“So what do you have that will fit in this crate?”

The world is a little lonelier around these parts tonight. A few hours ago, I said goodbye to Lexi the luckiest Chihuahua in all of north Texas as she left to begin her new journey in Austin.

It’s amazing how such an eensy weensy dog filled so much room inside my heart. Being the bridge doesn’t mean it’s always easy to let go once you’ve reached the other side. In the case of Lexi, though, kismet seemed to be hard at work, and you can’t fudge around with that sort of thing. It was time.

Lexi was supposed to have been three, four-day-old wild brown rabbits. At least, that’s what I thought I was going to be transporting when I met her at Dallas Animal Services.

A few days earlier, I was at the counter of the shelter picking up a dog for DFW Rescue Me when someone brought in tiny bunnies, who were likely candidates for being euthanized. After calling my friend whose family is experienced in bottle-feeding baby bunnies, I said I’d be back to retrieve them when they were processed.

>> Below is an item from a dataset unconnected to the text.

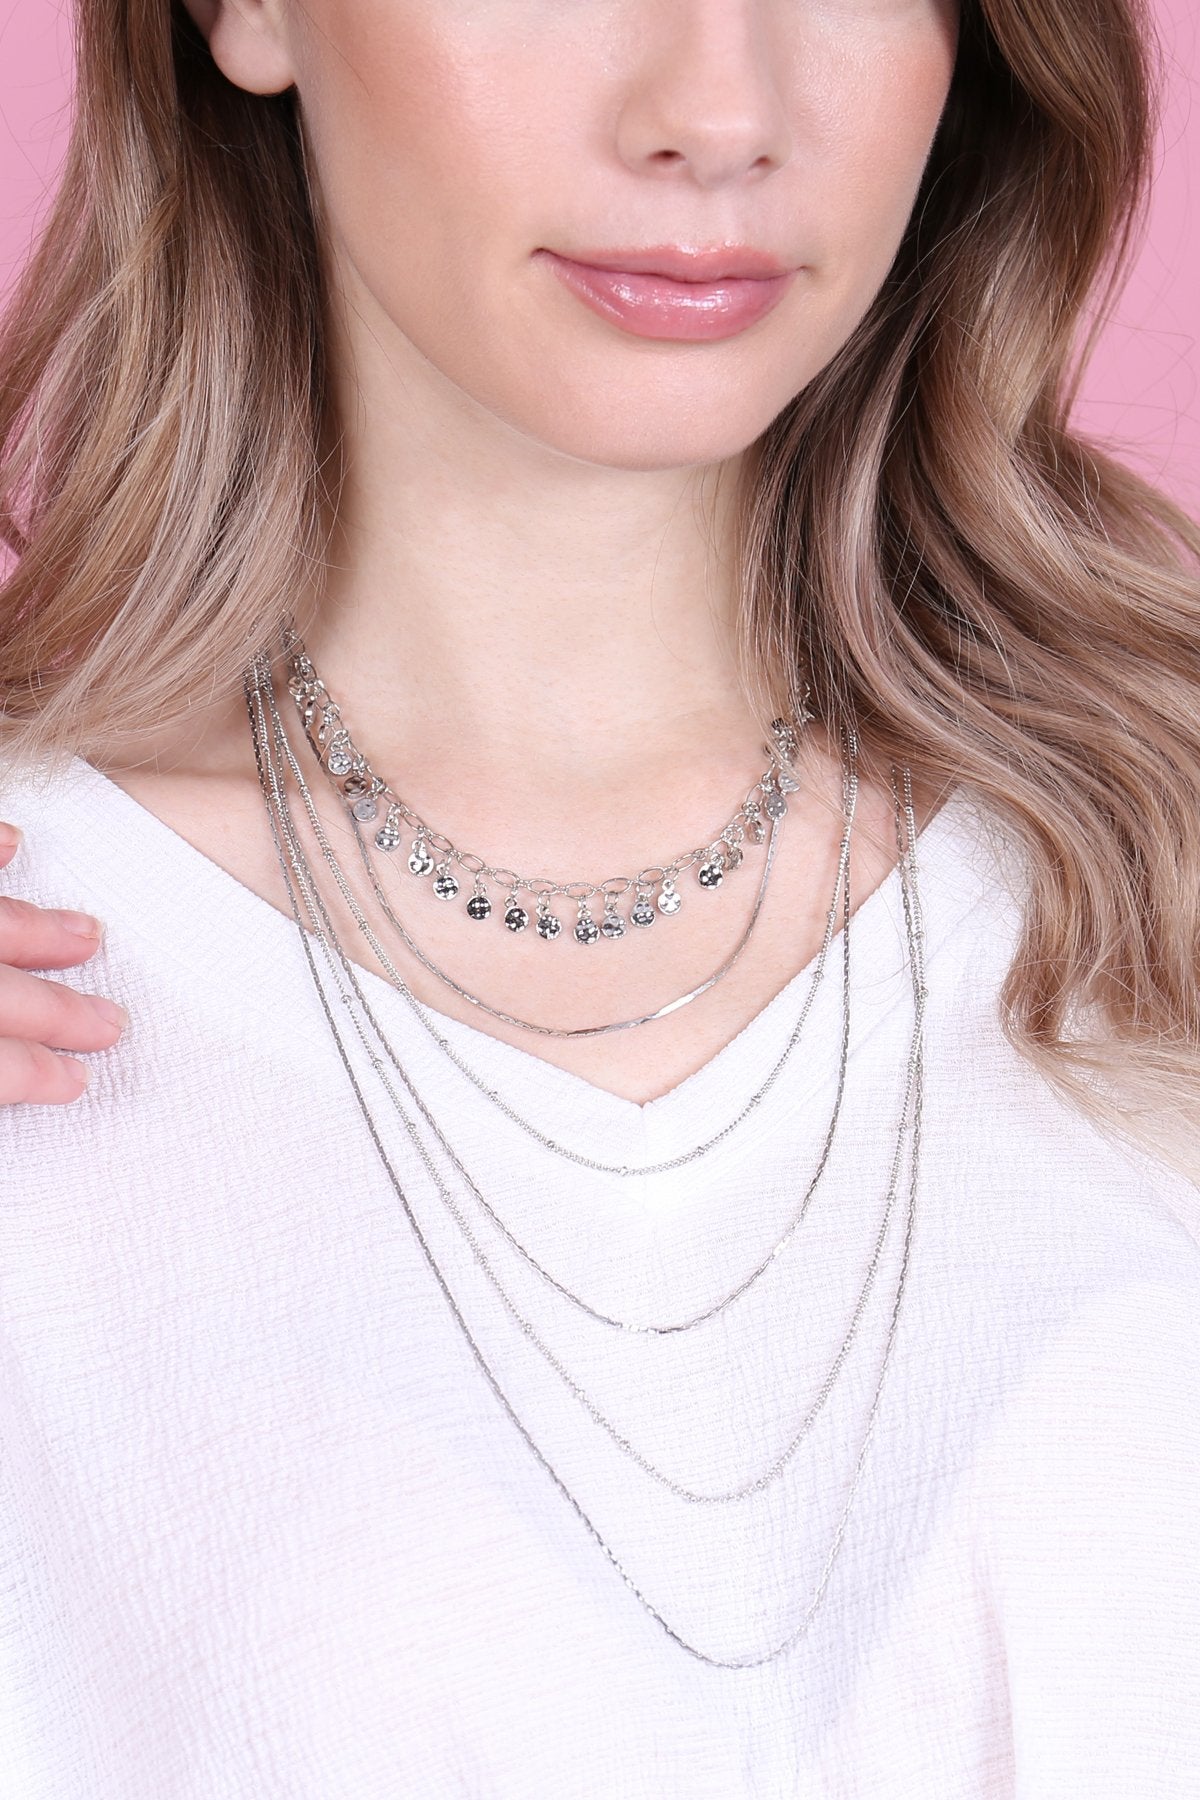 Hdn2640 - Delicate Layer Necklaces
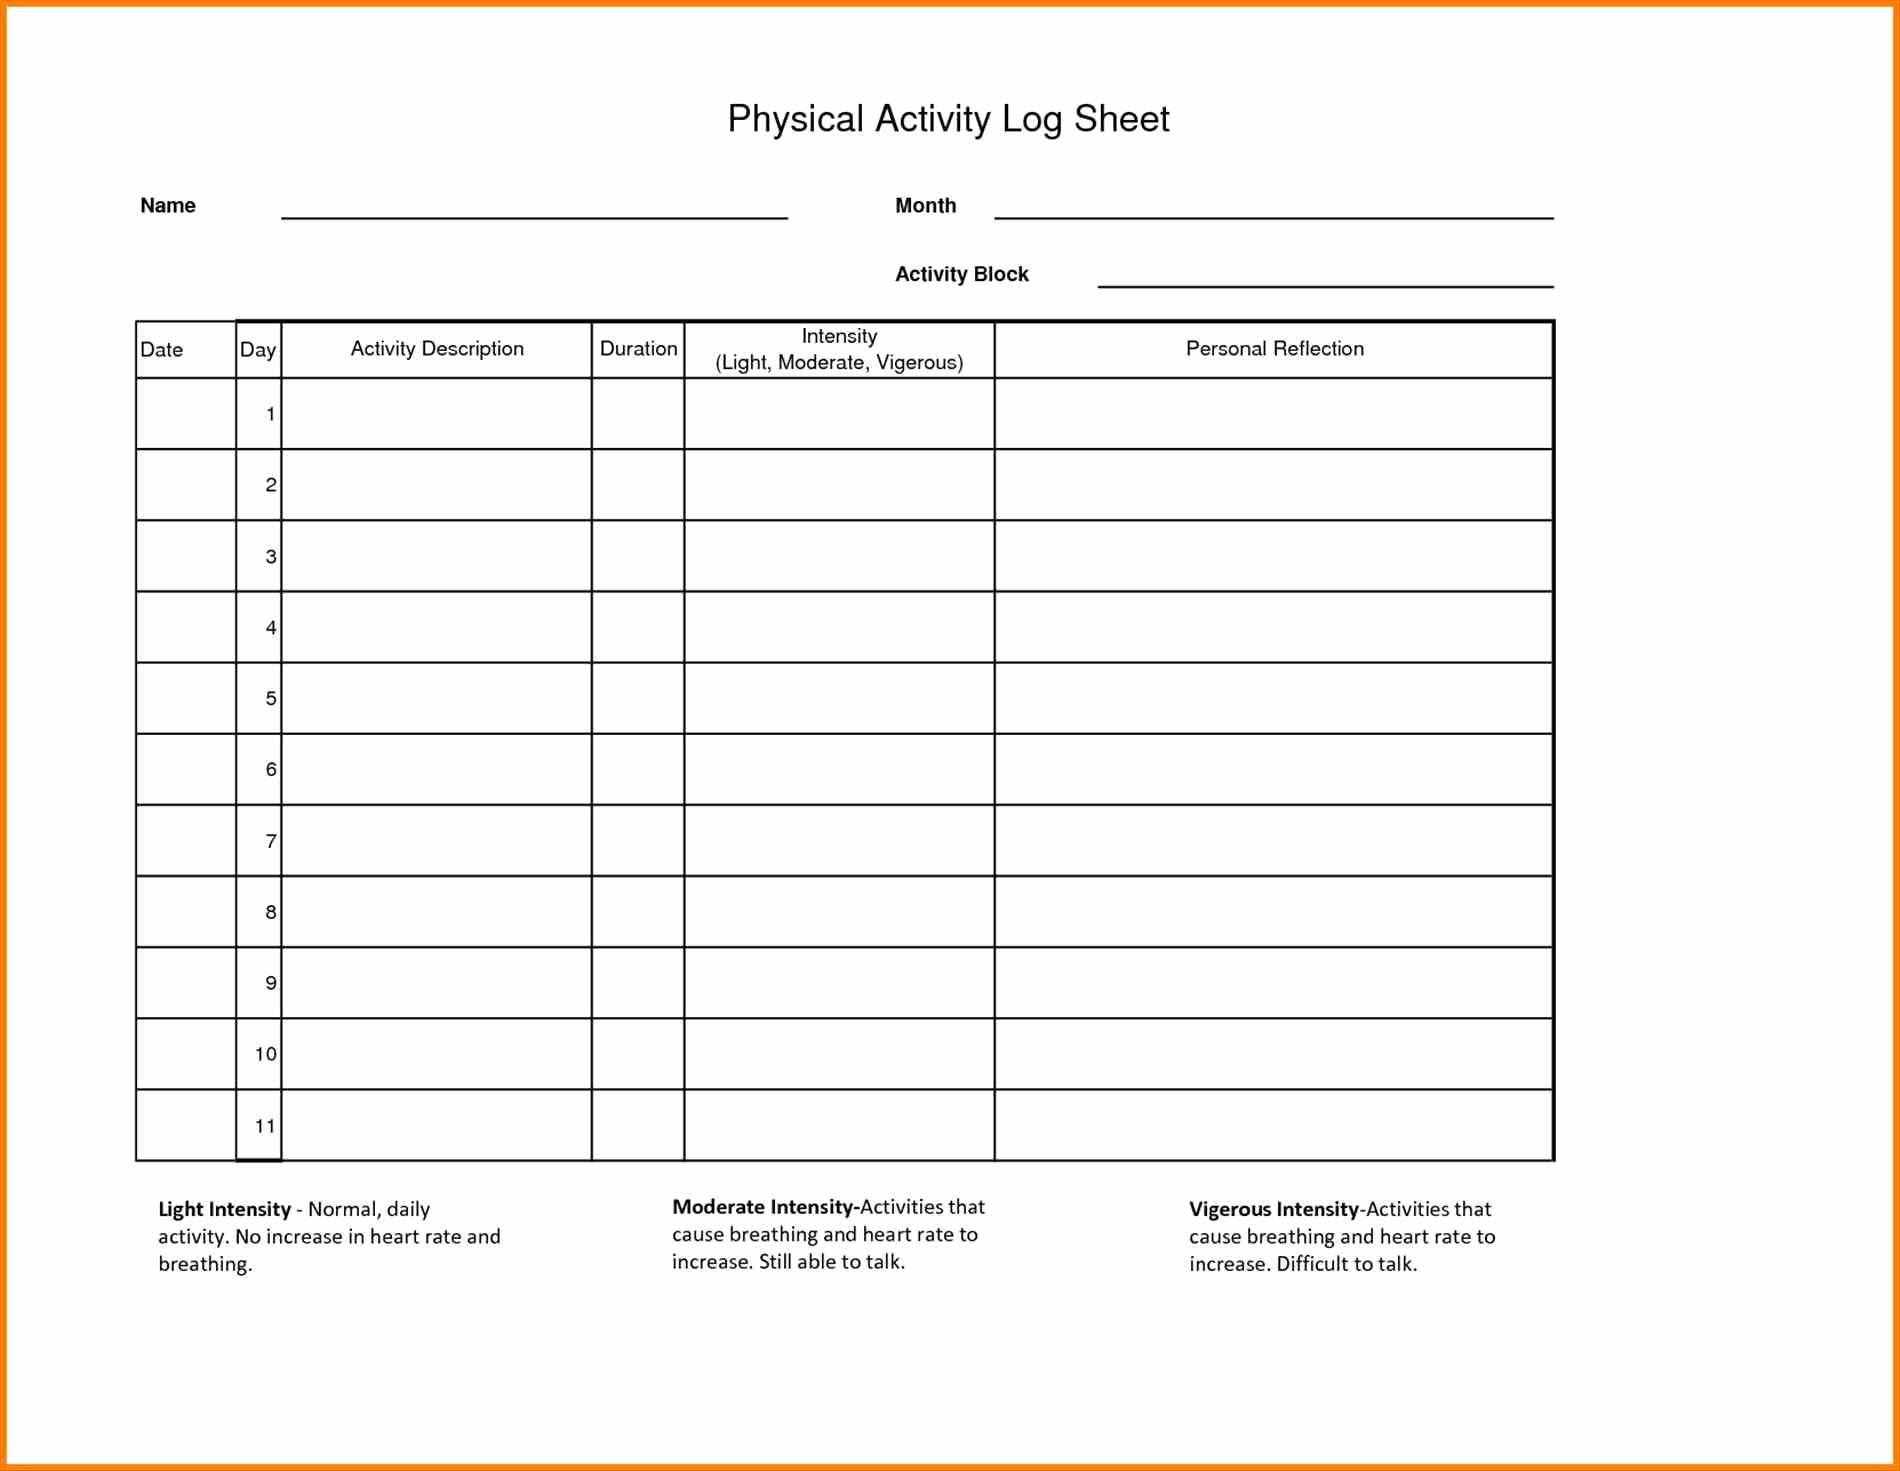 Physical Inventory Count Sheet Templates Best Of Physical Inventory Log Sheet Inventory Count Sheet – Tmplts

Lexi’s stroke of incredible fortune played out at the same counter 72 hours later like so:

“I’m here to pick up the three bunnies tagged by Jim from DFW.”

[Confusion]

“Jim got them about an hour ago.”

[More confusion]

“I’m pretty sure he didn’t, you guys. He’s on his way here now.”

[Head scratching all around]

As it turned out, there are two Jims: Jim from DFW Wildlife and Jim from DFW Rescue Me. The bunnies were safely in the capable hands of the wildlife crew, but there I was with my cat’s empty crate in the lobby. I’d driven forty-five minutes in rush hour traffic, so I wasn’t leaving until that thing had some weight in it.

“So what do you have that will fit in this crate?”

Mark Cooper, DAS rescue coordinator extraordinaire (BEST WISHES WITH THE NEW GIG AT THE VERY COOL OPERATION KINDNESS!), escorted me to a room full of small dogs whose only shot was a slim glimmer of accidental fortune. Stopping at a small, fawn-colored Chihuahua, Mark sighed, “This is Lexi. She comes with a closet of clothes and everything. A lady brought her back because she’s really dog aggressive. She likes cats…and birds! She had a pet bird who rode around on her back, even.”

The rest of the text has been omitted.